Work order »
Nothing but a verbatim copy of the data, minus the images, should be returned.

Data provided »
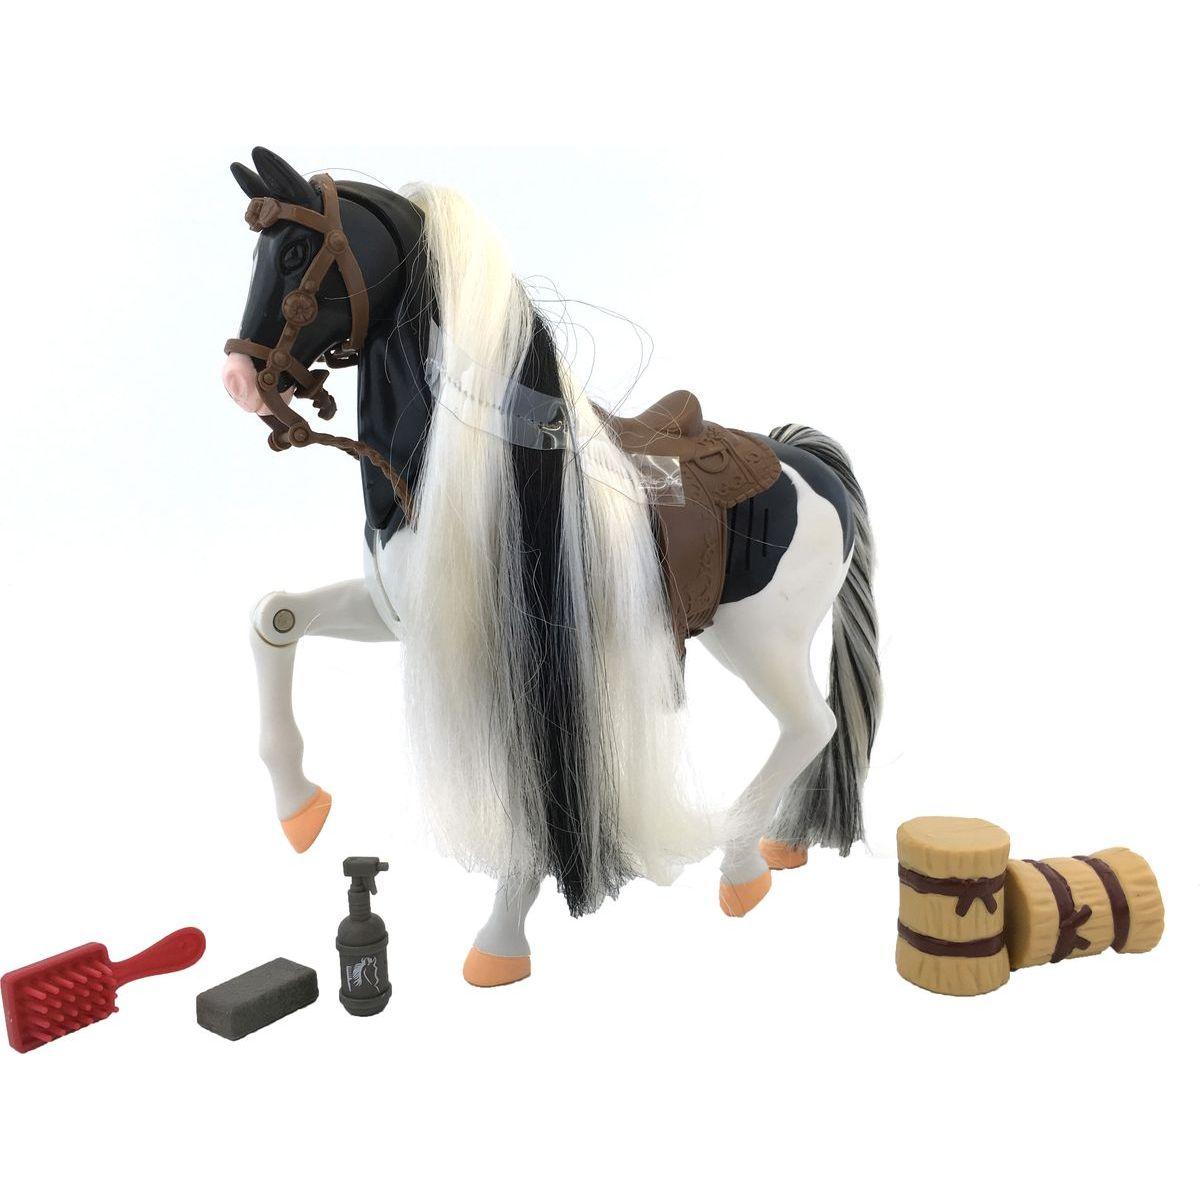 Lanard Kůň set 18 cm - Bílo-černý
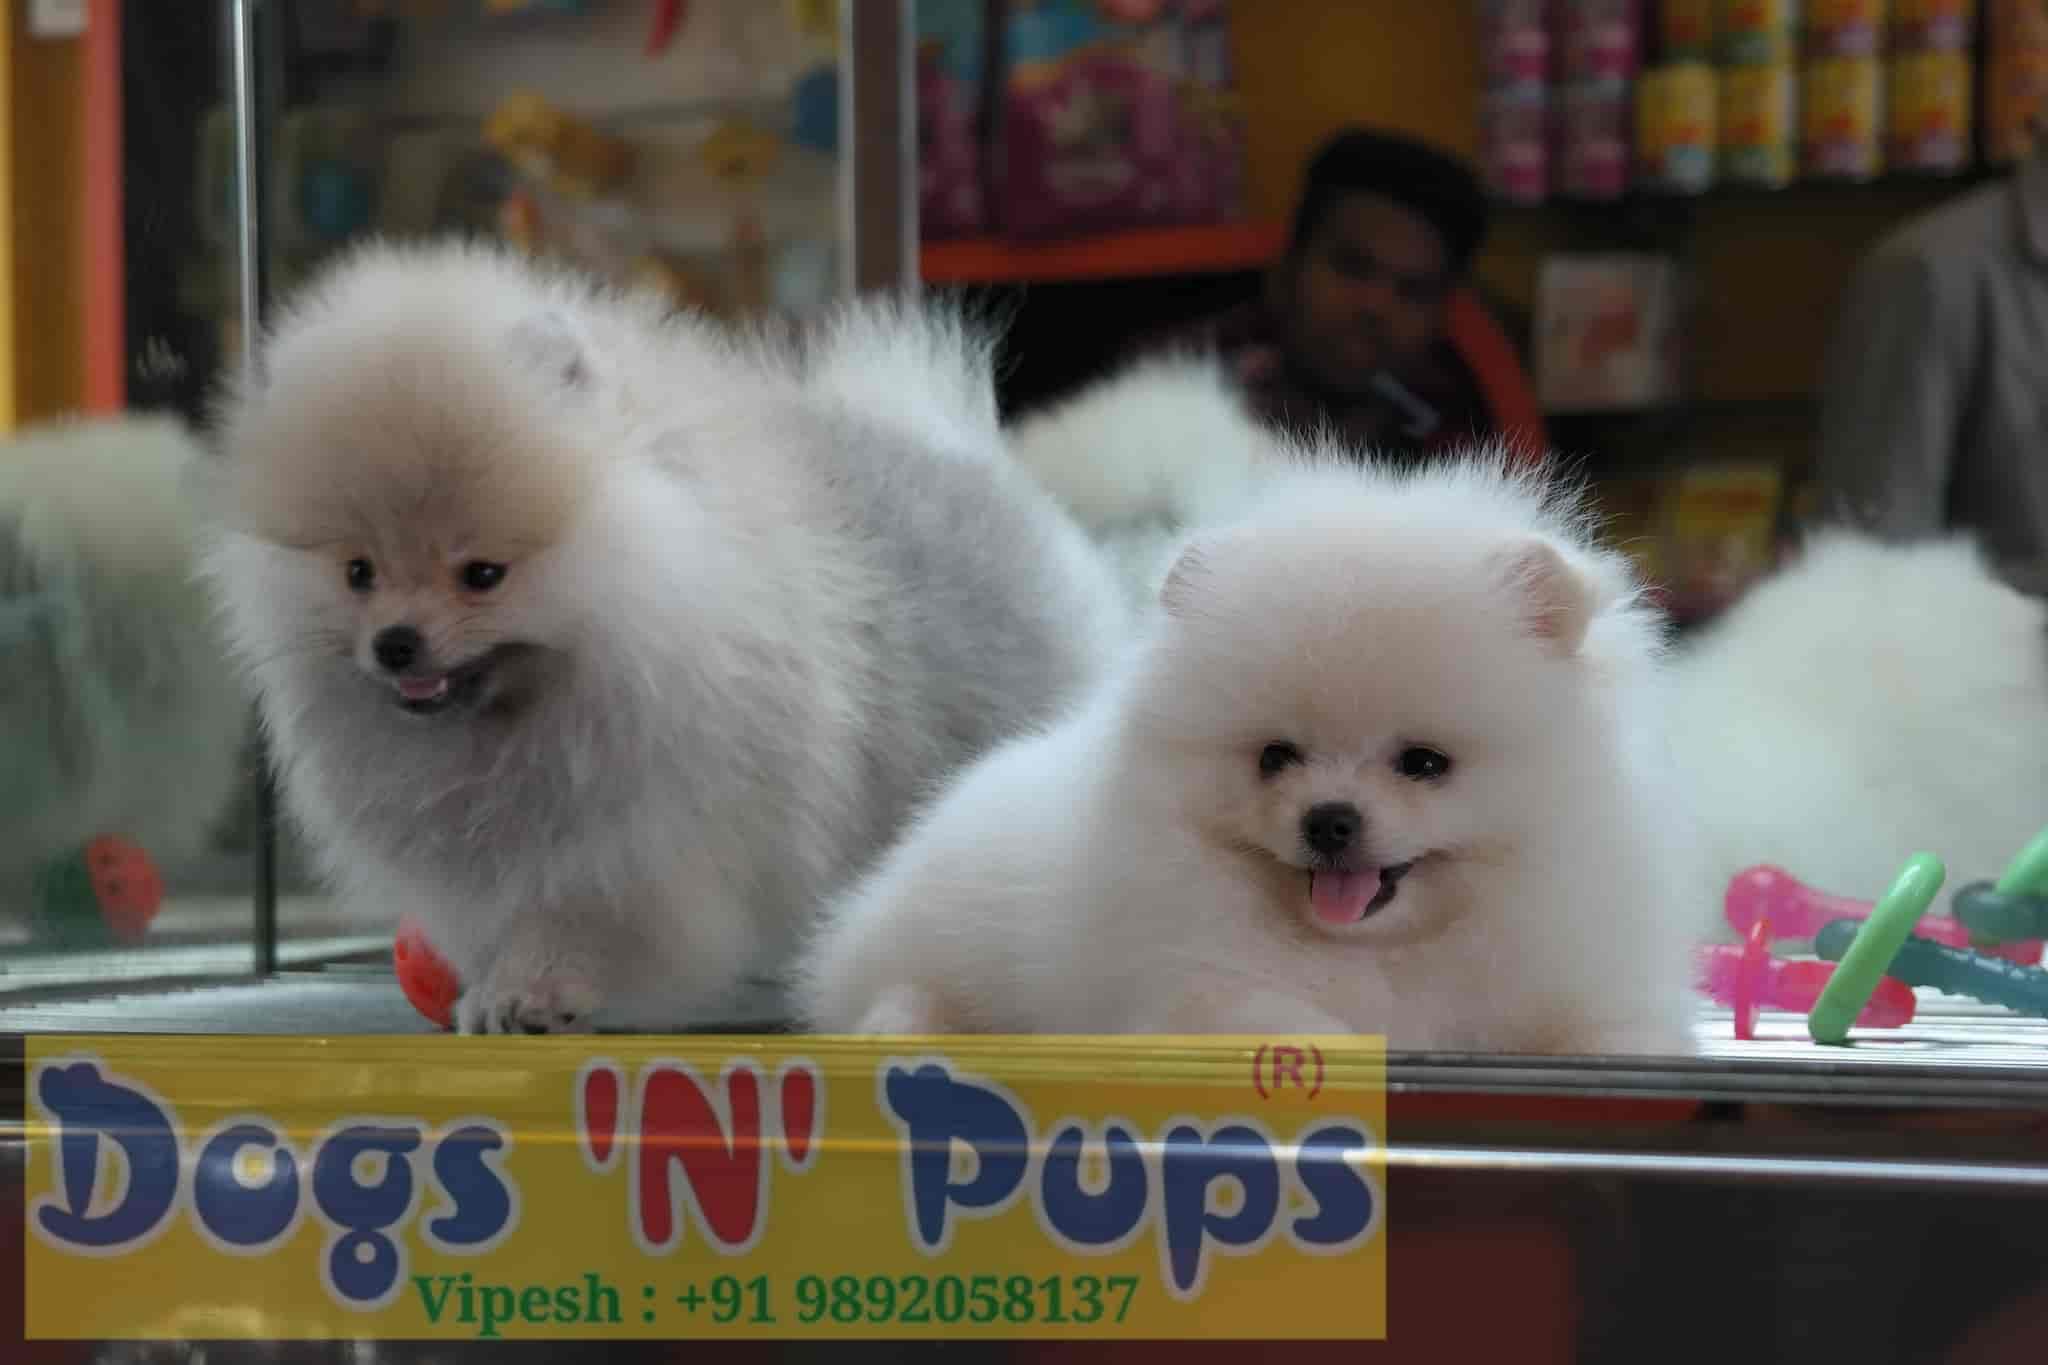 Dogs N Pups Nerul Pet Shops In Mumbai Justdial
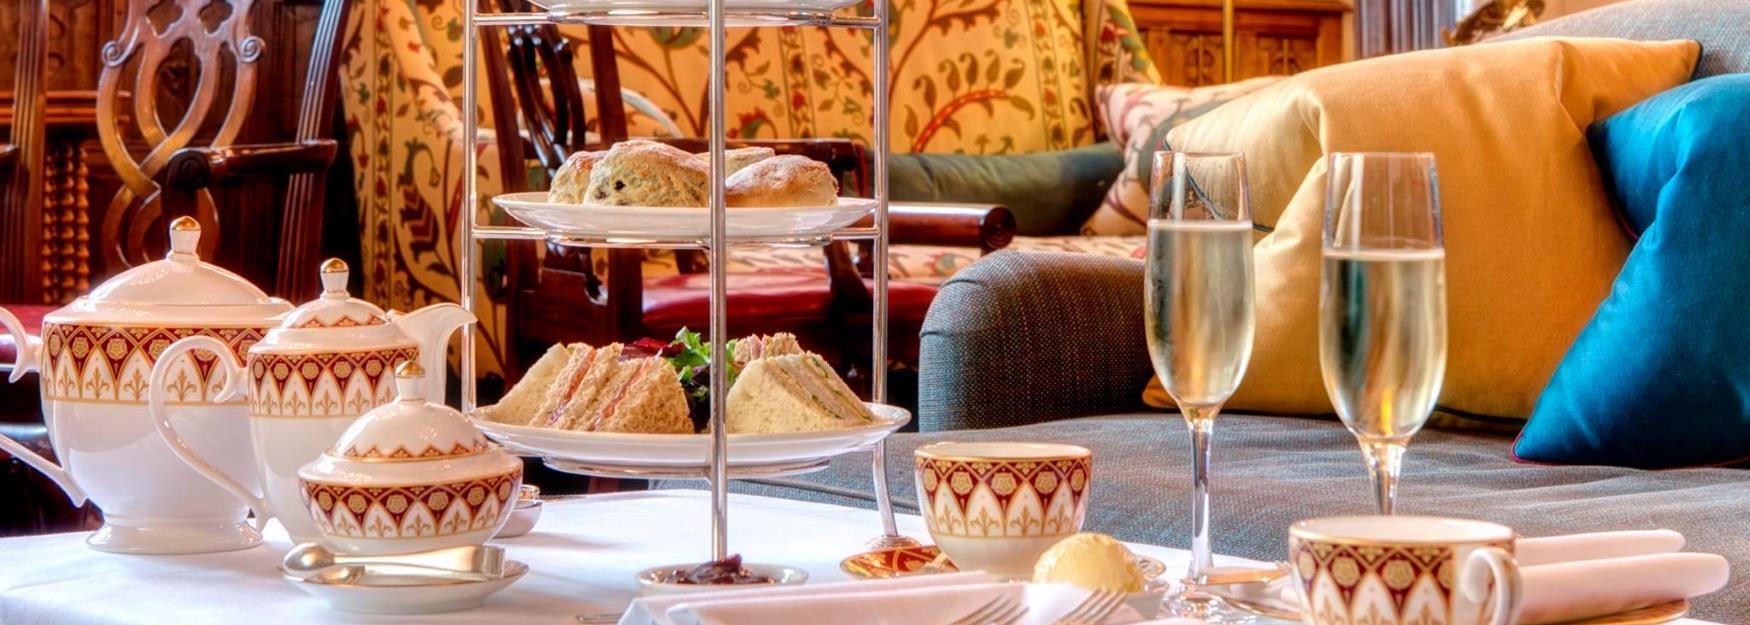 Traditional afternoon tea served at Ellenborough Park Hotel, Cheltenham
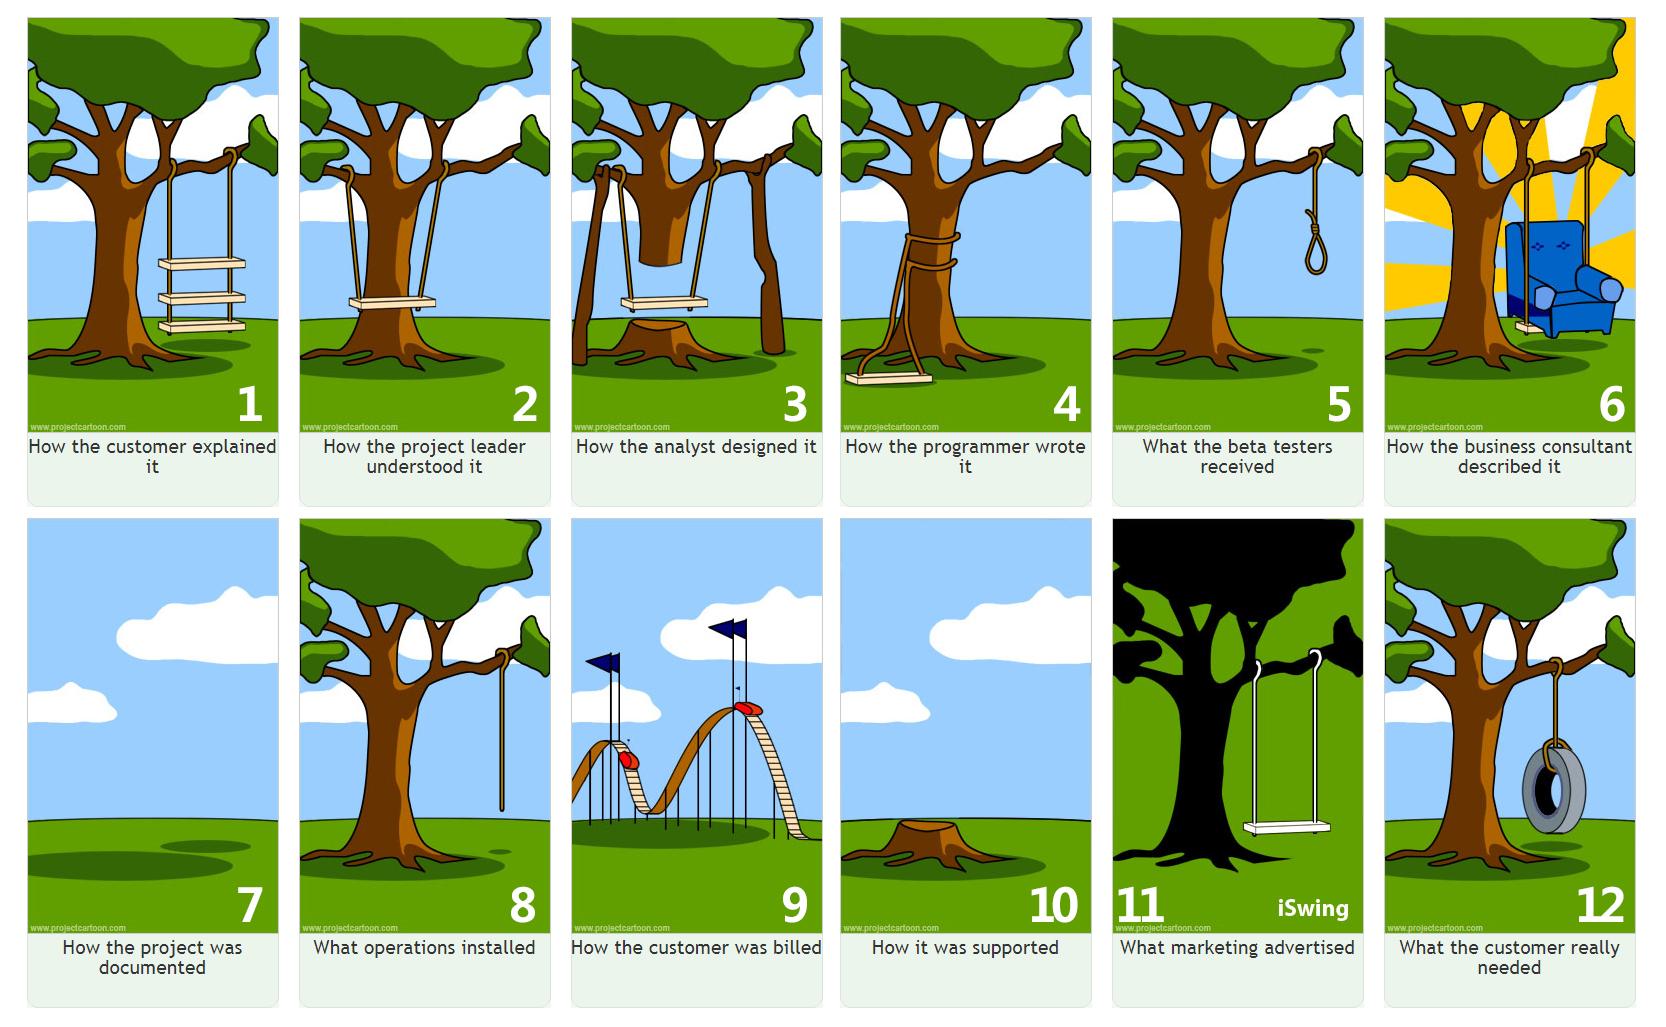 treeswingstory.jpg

Problem solution »
 Lanard Kůň set 18 cm - Bílo-černý
 Dogs N Pups Nerul Pet Shops In Mumbai Justdial
 Traditional afternoon tea served at Ellenborough Park Hotel, Cheltenham
 treeswingstory.jpg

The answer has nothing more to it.